Das war unbefriedigend!
Ich ging zum Arzt, lies mein Blut analysieren, erwartete geheimnisvolle, kräftezehrende Mangelerscheinungen oder gar Krankheiten, welche diese Veränderung hätten erklären können.
Heraus kam: ich war voll fit. Super fit. Und absolut kerngesund. Zum Glück. Als mir mein Arzt dieses Ergebnis offenbarte, wurde er meiner Überraschung gewahr. Ich schilderte ihm mein Dilemma. Und dann erkannte ich, wenn auch unter großen seelischen Schmerzen, dass er ein weiser Mann sein muss.
Denn er sagte zu mir folgende Worte:
„Das ist das Alter. Das nennt man: die Leistungsfähigkeit nimmt ab. Obwohl Sie für Ihr Alter wirklich sehr fit sind.“ Au!!!!!!
Ich war empört und beleidigt. Allerdings muss ich gestehen, dass ich damals (das war vor zwei Jahren) schon tief in mir drin gespürt habe, dass er Recht hatte. Ich wollte es nur nicht sehen. Und somit bin ich wieder bei der Blindheit angelangt.
Jetzt bin ich endlich bereit, es anzunehmen. Älter werden, heißt nicht, dass ich mich in eine senile Greisin verwandle. Zumindest nicht gleich zu Beginn.
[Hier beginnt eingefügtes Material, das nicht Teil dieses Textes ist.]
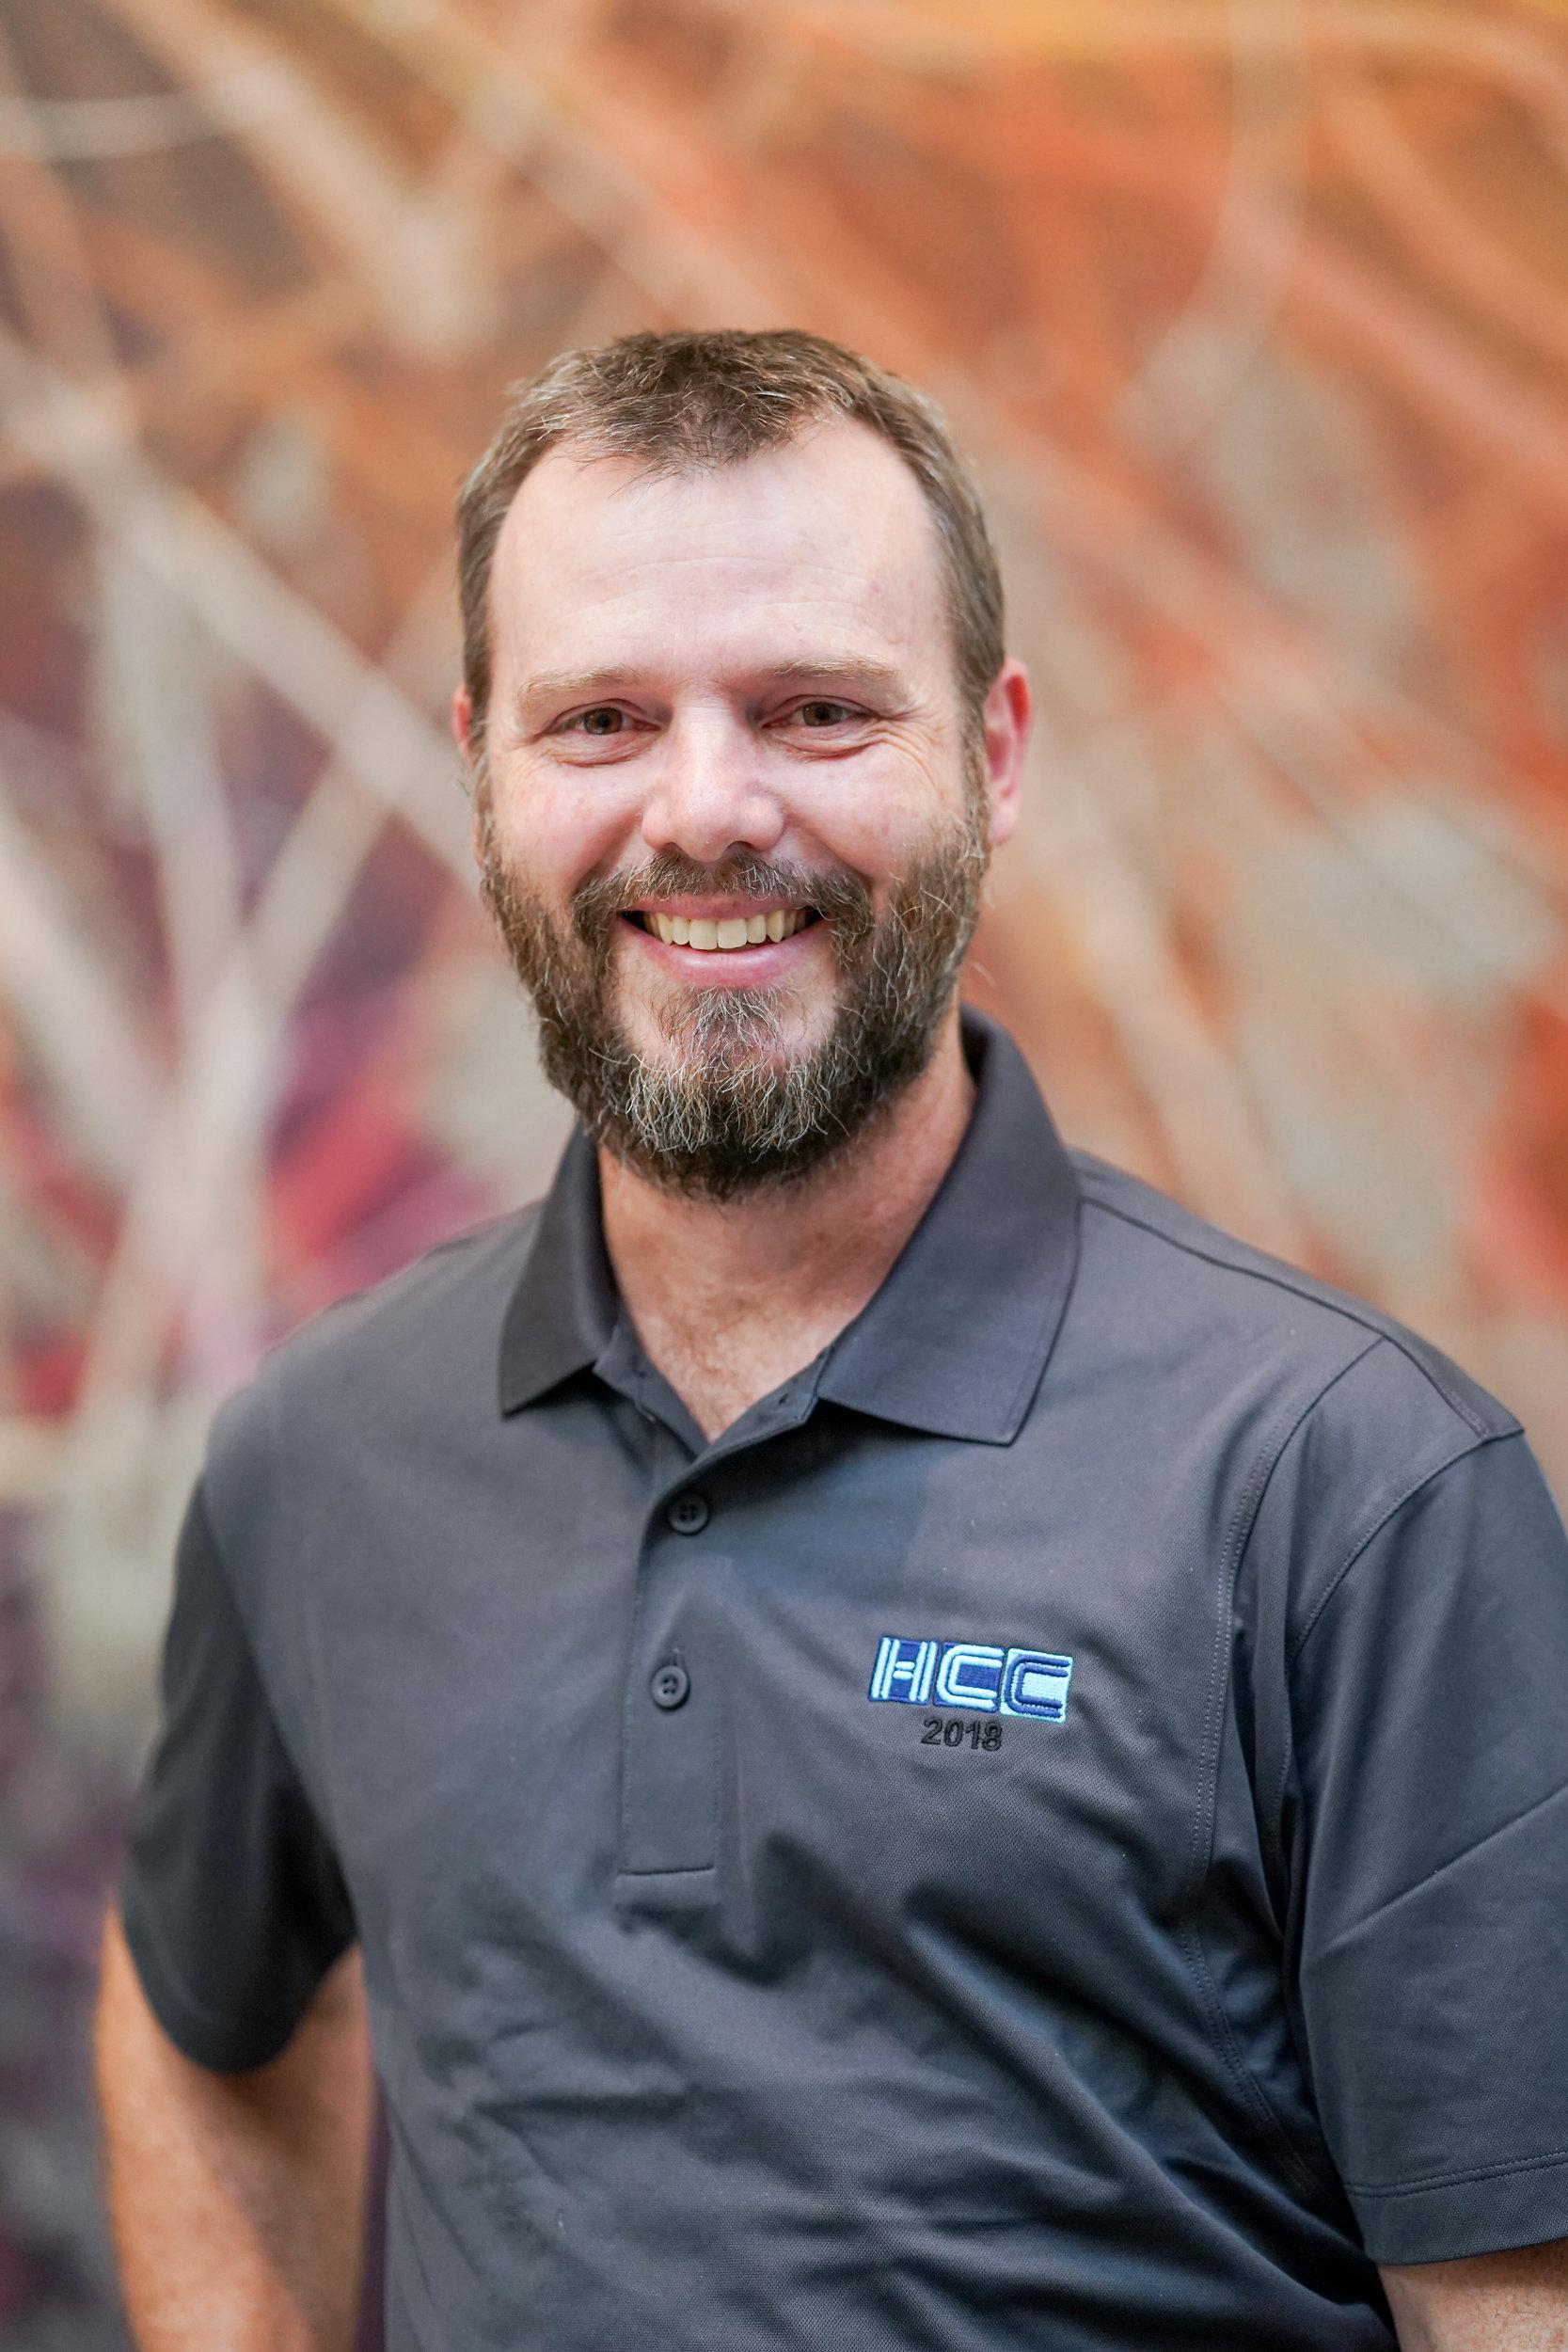 Scott Witt, Vice President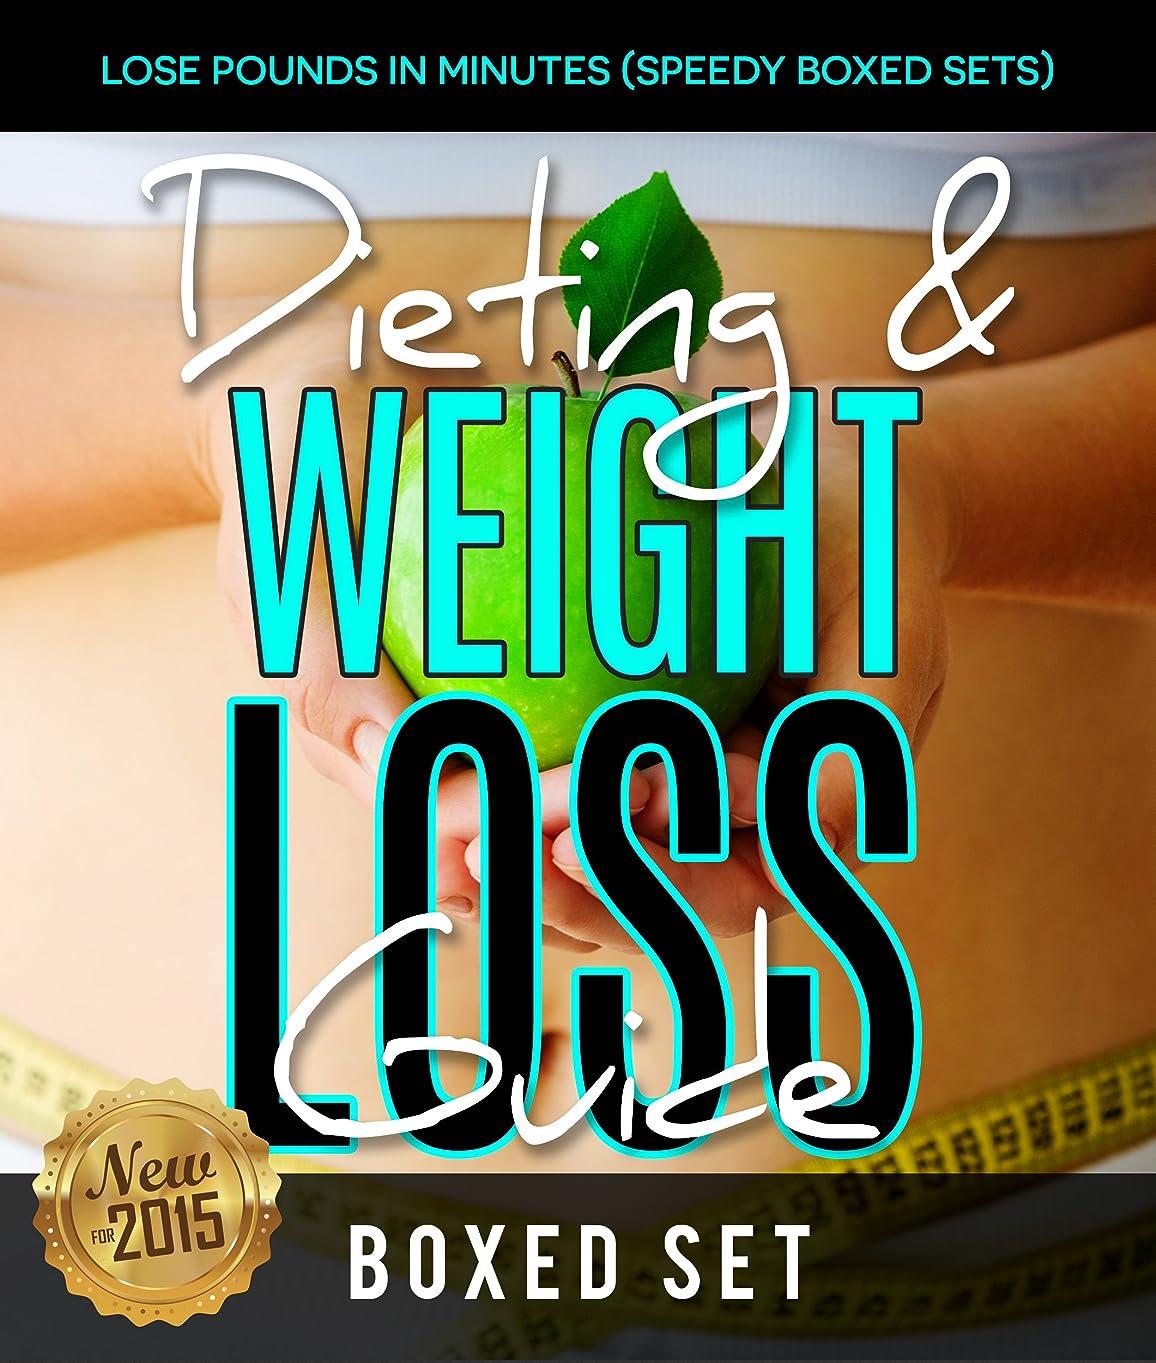 主制限する簿記係Dieting & Weight Loss Guide: Lose Pounds in Minutes (Speedy Boxed Sets): Weight Maintenance Diets (English Edition)

Und mit Glück auch später nicht. Aber es heißt, sich mit schwindenden Kräften zu arrangieren. Und entweder die Ansprüche herunter zu schrauben (wozu ich in keinster Weise bereit bin) oder Hilfstruppen zu mobilisieren, die mir einen Teil der Arbeit abnehmen.
Ich habe mich für die Hilfstruppen entschieden, was bedeutet, meinen Garten einem Gärtner und seinem Team anzuvertrauen. Er gärtnert auch wild und biologisch und ich freue mich über diese Partnerschaft.
Heute haben sie begonnen, die Versäumnisse der letzten beiden Jahre aufzuräumen. Mit viel Liebe und Herzblut. Ich finde es sehr schön, dass einzelne, winzige Pflänzchen, welche mir am Herzen liegen, sorgsam freigelegt (und nicht umgelegt) werden. Und dass die Männer außerordentlich achtsam mit den Pflanzen umgehen.
Morgen fotografiere ich den Garten. Diese Vergabe wird ein Prozess, der spannend und erfreulich zu werden verspricht.
Zu altern bedeutet für mich mittlerweile, gelassener zu sein, Kontrolle abgeben zu können und entspannter zu leben. Und zugeben zu können, dass ich nicht alles alleine schaffen kann. Aber es auch nicht muss.
Das ist wirklich befreiend.
Und falls es jemand interessieren sollte, ich bin 58 Jahre alt.